What you will do –
Return, word for word, only the lines of the data below that lie between the line with "Egg Hill Climb Game Final Level Screenshot." and the line with "Top 10 quán", those two lines included.

· · ·

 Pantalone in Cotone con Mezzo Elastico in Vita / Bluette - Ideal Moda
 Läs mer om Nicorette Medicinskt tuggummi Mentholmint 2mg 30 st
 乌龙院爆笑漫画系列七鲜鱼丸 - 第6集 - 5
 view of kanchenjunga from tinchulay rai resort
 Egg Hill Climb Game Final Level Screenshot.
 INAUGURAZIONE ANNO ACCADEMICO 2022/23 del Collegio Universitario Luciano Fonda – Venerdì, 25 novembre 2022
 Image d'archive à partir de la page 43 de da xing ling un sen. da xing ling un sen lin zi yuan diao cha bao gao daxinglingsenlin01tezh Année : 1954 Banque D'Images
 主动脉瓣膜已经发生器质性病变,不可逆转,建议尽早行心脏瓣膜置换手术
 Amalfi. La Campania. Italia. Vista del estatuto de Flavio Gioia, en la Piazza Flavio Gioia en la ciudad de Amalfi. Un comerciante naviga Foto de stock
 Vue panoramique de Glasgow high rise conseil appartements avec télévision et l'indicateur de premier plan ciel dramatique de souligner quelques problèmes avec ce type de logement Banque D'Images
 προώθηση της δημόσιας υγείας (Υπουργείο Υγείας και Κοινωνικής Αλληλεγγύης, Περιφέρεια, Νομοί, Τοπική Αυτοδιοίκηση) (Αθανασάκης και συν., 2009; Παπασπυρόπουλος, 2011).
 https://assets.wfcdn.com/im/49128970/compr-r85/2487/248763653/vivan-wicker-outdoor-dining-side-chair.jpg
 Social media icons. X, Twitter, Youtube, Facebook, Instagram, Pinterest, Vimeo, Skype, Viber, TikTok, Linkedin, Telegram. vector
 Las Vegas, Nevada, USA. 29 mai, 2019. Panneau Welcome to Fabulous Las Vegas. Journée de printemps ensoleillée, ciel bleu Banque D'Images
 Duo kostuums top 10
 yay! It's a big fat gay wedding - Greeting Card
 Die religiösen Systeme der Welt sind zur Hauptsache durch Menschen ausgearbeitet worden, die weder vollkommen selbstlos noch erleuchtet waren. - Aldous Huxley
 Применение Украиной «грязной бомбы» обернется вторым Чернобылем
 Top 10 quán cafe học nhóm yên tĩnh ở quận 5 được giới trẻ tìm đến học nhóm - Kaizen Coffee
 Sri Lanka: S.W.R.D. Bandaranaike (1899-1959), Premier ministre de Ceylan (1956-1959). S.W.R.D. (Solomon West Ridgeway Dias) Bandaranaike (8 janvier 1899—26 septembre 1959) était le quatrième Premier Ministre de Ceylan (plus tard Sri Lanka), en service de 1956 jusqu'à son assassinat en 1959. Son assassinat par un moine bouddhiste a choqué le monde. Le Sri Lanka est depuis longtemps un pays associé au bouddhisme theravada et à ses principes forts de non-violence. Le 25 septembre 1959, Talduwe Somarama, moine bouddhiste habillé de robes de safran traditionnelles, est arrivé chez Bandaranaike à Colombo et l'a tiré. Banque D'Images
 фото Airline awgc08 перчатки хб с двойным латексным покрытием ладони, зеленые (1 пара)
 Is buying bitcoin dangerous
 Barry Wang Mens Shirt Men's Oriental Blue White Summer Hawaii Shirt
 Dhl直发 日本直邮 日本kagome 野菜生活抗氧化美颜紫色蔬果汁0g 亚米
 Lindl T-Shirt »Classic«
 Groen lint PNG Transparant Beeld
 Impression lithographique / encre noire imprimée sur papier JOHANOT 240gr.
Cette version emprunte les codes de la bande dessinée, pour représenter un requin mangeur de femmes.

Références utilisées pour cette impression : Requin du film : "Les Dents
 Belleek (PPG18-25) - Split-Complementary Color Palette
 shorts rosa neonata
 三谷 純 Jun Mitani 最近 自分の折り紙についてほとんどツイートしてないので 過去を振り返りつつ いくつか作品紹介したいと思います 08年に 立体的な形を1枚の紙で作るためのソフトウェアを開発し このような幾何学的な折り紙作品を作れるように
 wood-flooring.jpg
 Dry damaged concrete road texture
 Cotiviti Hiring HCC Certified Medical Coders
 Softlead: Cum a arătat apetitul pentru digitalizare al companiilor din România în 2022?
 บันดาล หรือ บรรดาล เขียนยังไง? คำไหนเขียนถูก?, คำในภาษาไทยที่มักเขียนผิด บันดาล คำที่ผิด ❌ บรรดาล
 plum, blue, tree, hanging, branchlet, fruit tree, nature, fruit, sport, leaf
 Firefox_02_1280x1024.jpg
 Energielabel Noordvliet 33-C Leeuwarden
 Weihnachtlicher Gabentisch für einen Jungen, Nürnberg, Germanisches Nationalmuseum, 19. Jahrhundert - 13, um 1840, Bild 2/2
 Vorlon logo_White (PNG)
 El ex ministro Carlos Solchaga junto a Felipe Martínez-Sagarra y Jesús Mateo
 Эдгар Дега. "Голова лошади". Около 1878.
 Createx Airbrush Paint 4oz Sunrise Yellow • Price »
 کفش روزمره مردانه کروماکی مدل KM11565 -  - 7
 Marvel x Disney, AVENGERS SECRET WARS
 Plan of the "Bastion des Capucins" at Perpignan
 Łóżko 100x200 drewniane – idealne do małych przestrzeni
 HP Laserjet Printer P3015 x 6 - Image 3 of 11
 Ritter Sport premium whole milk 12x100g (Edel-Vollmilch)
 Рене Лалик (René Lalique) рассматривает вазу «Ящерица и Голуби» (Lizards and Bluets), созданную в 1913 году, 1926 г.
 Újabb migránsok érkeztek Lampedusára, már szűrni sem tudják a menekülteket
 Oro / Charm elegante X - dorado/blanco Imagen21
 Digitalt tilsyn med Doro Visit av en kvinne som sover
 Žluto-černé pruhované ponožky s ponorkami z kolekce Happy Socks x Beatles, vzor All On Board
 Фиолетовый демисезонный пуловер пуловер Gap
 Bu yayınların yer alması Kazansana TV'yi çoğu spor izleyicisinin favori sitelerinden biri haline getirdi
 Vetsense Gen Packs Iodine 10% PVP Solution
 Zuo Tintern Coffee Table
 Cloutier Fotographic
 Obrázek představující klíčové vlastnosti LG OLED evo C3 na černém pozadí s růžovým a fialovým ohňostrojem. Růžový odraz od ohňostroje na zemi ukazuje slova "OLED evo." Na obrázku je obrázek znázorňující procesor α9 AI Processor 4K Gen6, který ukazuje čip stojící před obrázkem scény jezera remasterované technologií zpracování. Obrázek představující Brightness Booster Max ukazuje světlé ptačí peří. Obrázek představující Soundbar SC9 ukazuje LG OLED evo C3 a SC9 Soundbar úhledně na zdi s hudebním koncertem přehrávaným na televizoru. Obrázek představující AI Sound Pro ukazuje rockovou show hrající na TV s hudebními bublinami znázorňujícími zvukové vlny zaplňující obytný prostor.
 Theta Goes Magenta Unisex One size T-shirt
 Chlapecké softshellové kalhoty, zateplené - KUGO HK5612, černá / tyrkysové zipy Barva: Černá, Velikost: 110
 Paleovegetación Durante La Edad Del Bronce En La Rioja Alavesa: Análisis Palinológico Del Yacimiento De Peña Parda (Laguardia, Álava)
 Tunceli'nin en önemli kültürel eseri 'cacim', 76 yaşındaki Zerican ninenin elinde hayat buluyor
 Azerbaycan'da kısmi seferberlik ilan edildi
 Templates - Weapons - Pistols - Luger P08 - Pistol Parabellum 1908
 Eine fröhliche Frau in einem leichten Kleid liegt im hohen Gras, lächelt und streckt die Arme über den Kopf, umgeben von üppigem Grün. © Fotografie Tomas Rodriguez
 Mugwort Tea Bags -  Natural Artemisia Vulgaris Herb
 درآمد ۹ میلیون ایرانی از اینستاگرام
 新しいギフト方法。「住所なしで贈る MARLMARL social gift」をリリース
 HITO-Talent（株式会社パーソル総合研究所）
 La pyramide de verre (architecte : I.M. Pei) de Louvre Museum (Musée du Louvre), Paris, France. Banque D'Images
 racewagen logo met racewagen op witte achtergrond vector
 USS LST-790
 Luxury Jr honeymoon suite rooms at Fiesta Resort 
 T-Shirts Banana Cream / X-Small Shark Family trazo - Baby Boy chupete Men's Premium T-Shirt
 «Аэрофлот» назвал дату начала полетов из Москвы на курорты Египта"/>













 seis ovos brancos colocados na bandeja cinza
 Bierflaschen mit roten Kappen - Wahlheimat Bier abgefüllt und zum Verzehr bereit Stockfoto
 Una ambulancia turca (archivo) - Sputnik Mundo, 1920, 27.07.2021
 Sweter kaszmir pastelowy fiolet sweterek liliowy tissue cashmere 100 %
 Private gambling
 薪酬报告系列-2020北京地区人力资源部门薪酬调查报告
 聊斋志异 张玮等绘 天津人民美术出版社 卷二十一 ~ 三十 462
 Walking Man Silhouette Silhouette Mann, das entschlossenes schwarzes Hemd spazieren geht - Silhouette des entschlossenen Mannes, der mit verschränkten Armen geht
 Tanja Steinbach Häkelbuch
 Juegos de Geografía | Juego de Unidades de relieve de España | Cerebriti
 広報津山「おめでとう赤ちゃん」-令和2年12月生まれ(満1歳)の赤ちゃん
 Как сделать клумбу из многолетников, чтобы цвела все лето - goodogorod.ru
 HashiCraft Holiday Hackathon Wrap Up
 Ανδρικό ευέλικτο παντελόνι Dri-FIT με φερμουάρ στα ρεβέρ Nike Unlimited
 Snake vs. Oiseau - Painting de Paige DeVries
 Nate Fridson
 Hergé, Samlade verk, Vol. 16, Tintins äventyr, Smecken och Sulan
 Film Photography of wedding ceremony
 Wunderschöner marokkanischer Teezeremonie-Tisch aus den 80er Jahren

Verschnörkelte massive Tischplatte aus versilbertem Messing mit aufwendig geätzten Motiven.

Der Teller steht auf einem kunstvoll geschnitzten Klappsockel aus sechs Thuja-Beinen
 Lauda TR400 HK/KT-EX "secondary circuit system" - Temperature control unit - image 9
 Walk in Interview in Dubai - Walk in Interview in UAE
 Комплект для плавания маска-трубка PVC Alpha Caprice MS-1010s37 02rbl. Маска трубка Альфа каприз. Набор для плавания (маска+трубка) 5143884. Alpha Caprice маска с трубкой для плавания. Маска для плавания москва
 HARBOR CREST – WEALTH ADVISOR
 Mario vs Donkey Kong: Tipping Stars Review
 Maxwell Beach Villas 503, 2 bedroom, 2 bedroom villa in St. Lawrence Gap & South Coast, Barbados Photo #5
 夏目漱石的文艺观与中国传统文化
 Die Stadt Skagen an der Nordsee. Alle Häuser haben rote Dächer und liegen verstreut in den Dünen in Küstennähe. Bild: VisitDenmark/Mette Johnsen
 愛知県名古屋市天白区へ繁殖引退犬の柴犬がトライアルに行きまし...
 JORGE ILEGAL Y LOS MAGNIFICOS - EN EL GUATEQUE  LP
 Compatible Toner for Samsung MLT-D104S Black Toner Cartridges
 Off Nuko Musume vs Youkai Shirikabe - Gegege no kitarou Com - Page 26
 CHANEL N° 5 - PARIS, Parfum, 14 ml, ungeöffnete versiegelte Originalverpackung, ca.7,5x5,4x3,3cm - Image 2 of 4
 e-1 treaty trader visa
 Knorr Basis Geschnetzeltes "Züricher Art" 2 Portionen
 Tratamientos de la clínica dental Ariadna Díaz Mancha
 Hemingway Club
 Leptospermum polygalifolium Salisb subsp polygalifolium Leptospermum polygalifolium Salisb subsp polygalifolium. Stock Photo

· · ·

Result –
 Egg Hill Climb Game Final Level Screenshot.
 INAUGURAZIONE ANNO ACCADEMICO 2022/23 del Collegio Universitario Luciano Fonda – Venerdì, 25 novembre 2022
 Image d'archive à partir de la page 43 de da xing ling un sen. da xing ling un sen lin zi yuan diao cha bao gao daxinglingsenlin01tezh Année : 1954 Banque D'Images
 主动脉瓣膜已经发生器质性病变,不可逆转,建议尽早行心脏瓣膜置换手术
 Amalfi. La Campania. Italia. Vista del estatuto de Flavio Gioia, en la Piazza Flavio Gioia en la ciudad de Amalfi. Un comerciante naviga Foto de stock
 Vue panoramique de Glasgow high rise conseil appartements avec télévision et l'indicateur de premier plan ciel dramatique de souligner quelques problèmes avec ce type de logement Banque D'Images
 προώθηση της δημόσιας υγείας (Υπουργείο Υγείας και Κοινωνικής Αλληλεγγύης, Περιφέρεια, Νομοί, Τοπική Αυτοδιοίκηση) (Αθανασάκης και συν., 2009; Παπασπυρόπουλος, 2011).
 https://assets.wfcdn.com/im/49128970/compr-r85/2487/248763653/vivan-wicker-outdoor-dining-side-chair.jpg
 Social media icons. X, Twitter, Youtube, Facebook, Instagram, Pinterest, Vimeo, Skype, Viber, TikTok, Linkedin, Telegram. vector
 Las Vegas, Nevada, USA. 29 mai, 2019. Panneau Welcome to Fabulous Las Vegas. Journée de printemps ensoleillée, ciel bleu Banque D'Images
 Duo kostuums top 10
 yay! It's a big fat gay wedding - Greeting Card
 Die religiösen Systeme der Welt sind zur Hauptsache durch Menschen ausgearbeitet worden, die weder vollkommen selbstlos noch erleuchtet waren. - Aldous Huxley
 Применение Украиной «грязной бомбы» обернется вторым Чернобылем
 Top 10 quán cafe học nhóm yên tĩnh ở quận 5 được giới trẻ tìm đến học nhóm - Kaizen Coffee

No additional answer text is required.